Part of the Foundation’s anticipation strategy is centered on business incubation. Some of the startups that have grown within the Foundation in recent years include Cerebras, an AI chip and systems startup that was valued at over $4 billion in a November round; digital title, escrow and closeout company Doma (formerly States Title), which went public last year after merging with a blank check company (it’s been a bumpy ride since); and Turing, a company that helps find, vet and connect developers to the tech companies that need them, and which raised $87 million in Series D funding last month.

The Foundation, like other companies, is also pumping more money not only into startups, but also into emerging venture capital firms that give it access to new networks and ideas. Steve Vassallo, another longtime general partner of the firm, said it has committed about $15 million in recent years to at least 53 different companies that serve as “beacons” for Foundation deals.

Finally, Foundation has evolved the way it learns what’s bubbling. Joanne Chen, a longtime member of the team that was promoted to general partner last year and is very focused on artificial intelligence, engages with VPs of Engineering and tech founders who share ideas through Slack communities.

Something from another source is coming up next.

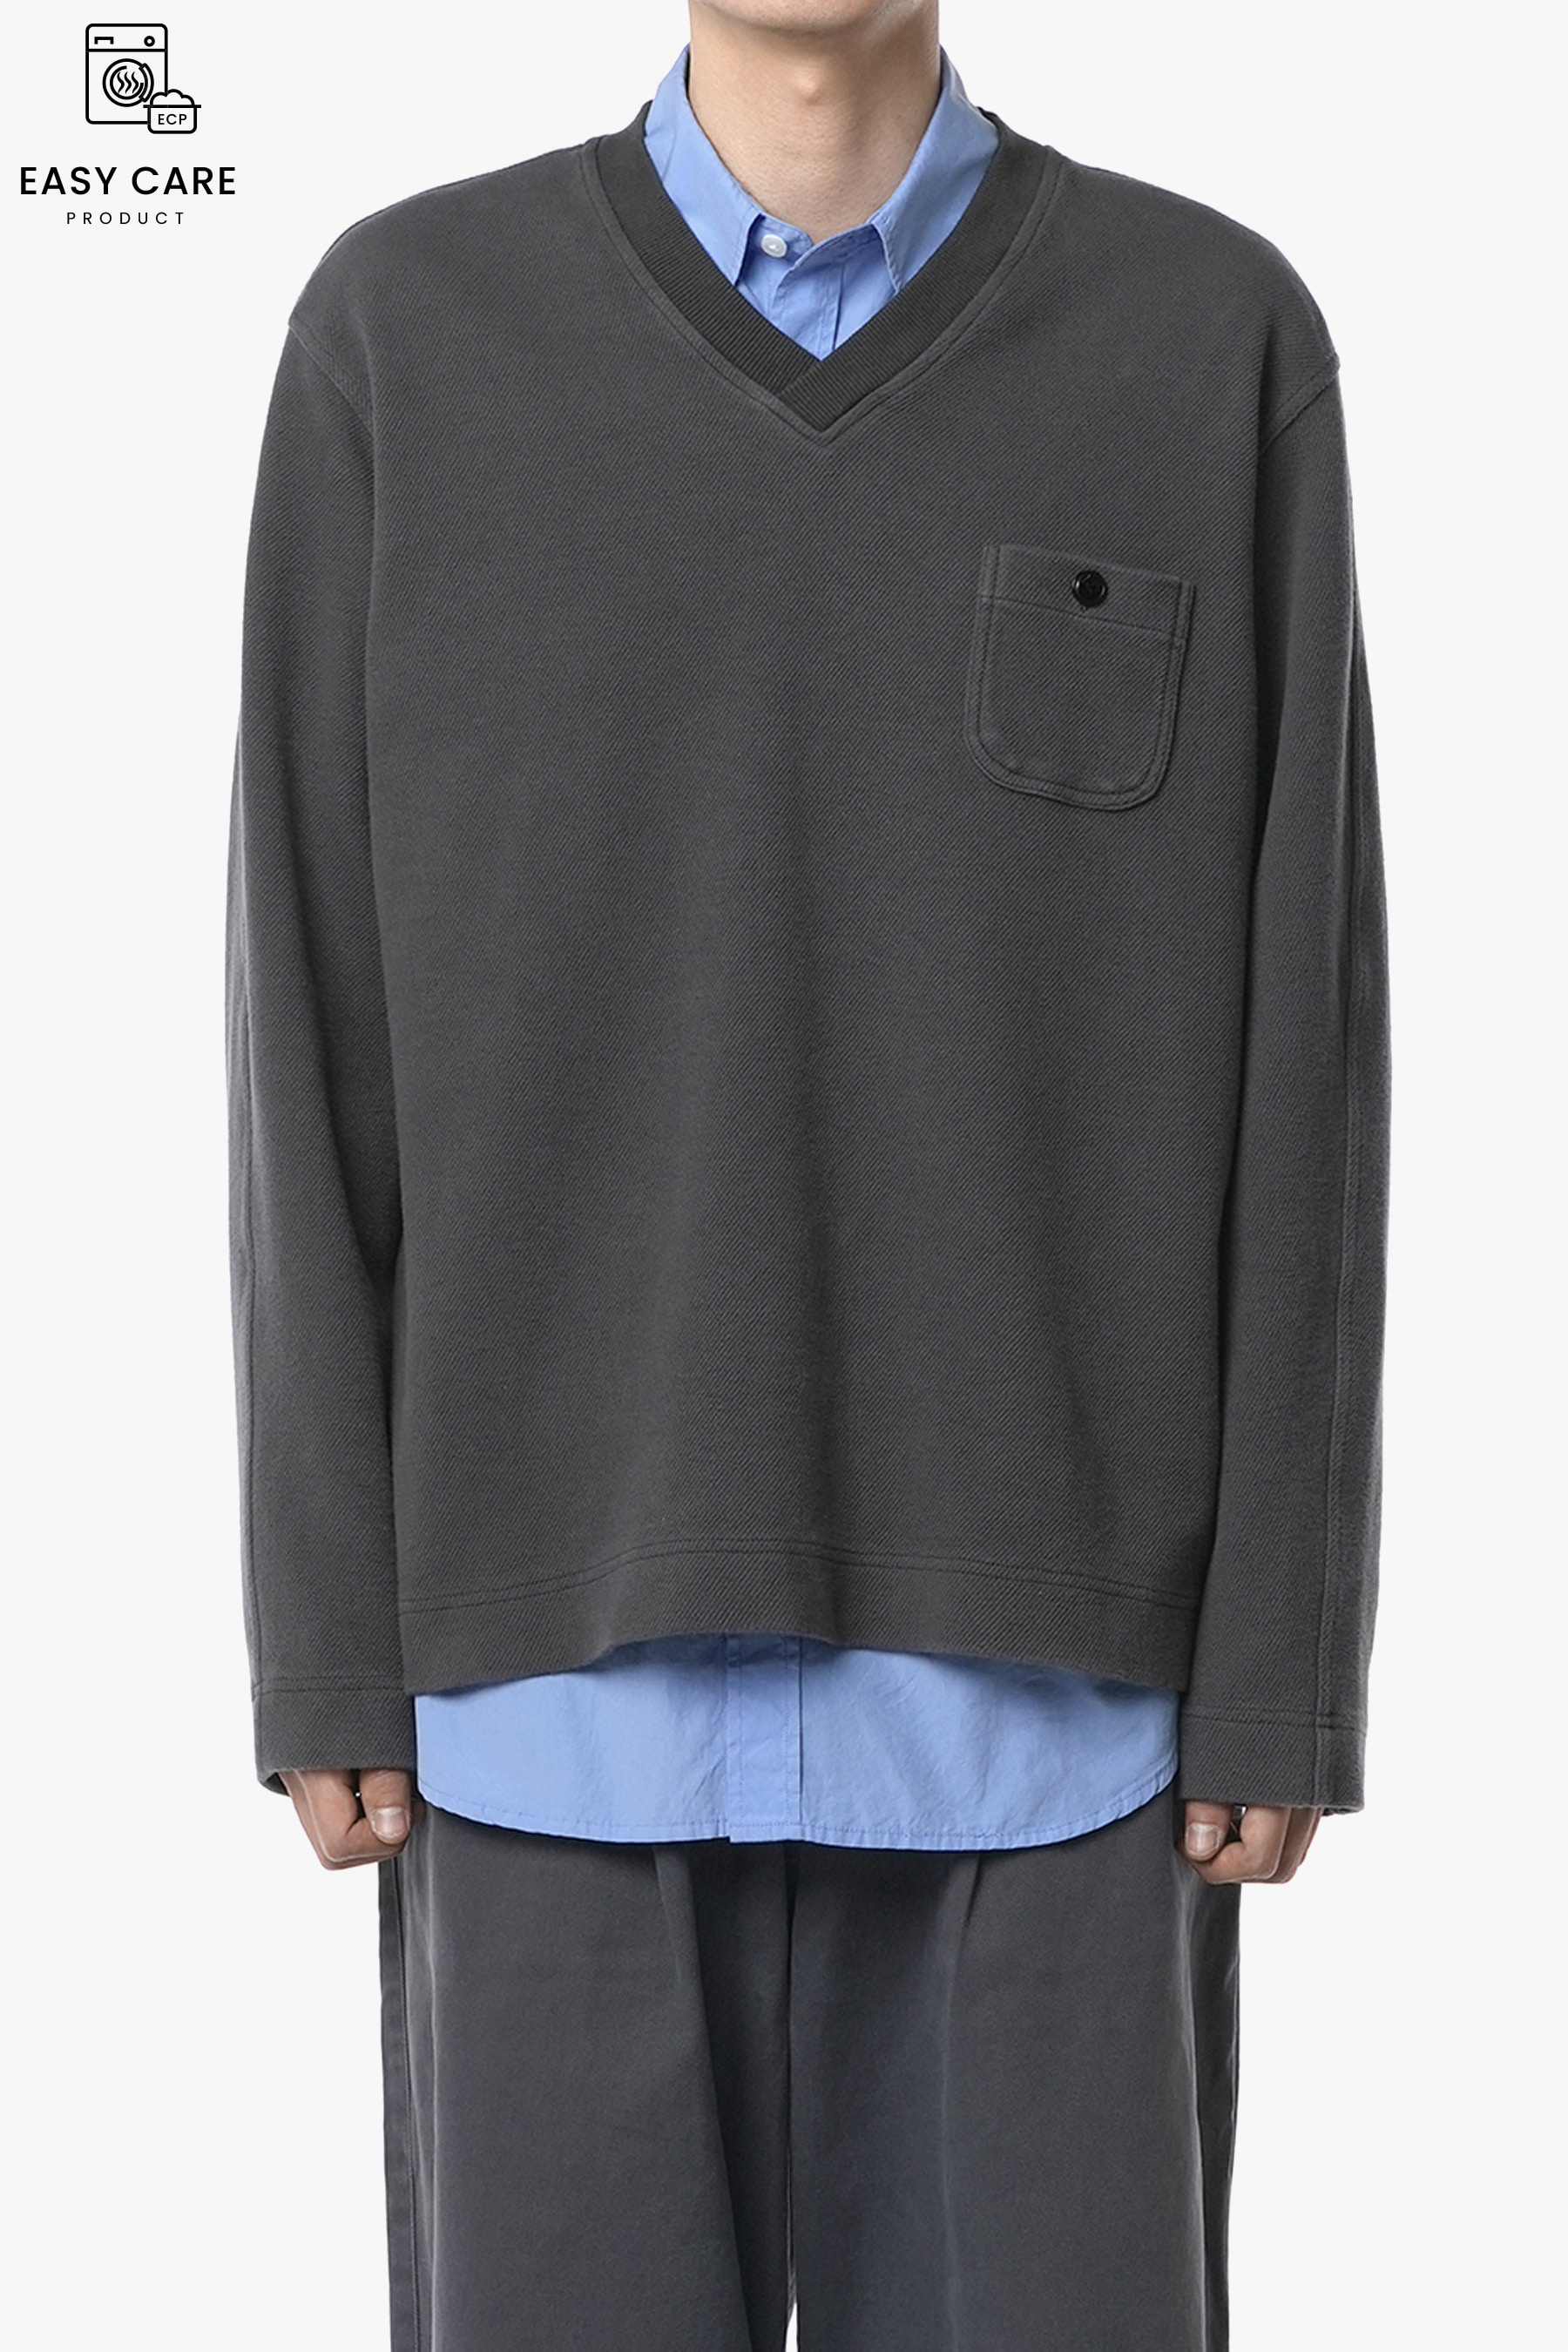 DARK GREY WASHED FRENCH TERRY COTTON DRILL V-NECK SWEAT (ECP GARMENT PROCESS)

Meanwhile, the company has partners who spend 10 hours a day trying to figure out which projects on Github are taking off,” says Vassallo. The team – which is very focused on “business automation” and fintech – is also spending a lot more time these days on Discord channels. “That’s for sure where our crypto team is,” says Vassallo, adding “it’s not a fabulous platform, but it’s the best there is” for those looking for deals. Web3 and DeFi.

If Foundation feels compelled to get even more inventive in this go-go market, it doesn’t admit it as much.

Asked about the crazy acts the Foundation has seen or done to get a deal done, Vassallo says he’s aware of the “extensive love letters” some Foundation portfolio companies have received between fundings, but he says that its partners are content for now to walk and talk with founders around the Stanford campus or Salesforce Park in downtown San Francisco.

Garg echoes that sentiment, saying he thinks “some of the craziest things people do to get founders’ attention will be tempered as markets stabilize a bit.”

He insists that the Foundation would never engage in such antics anyway. “We talk to the founders before they change their LinkedIn. If we speak with someone at the same time as Tiger [Global], which we failed.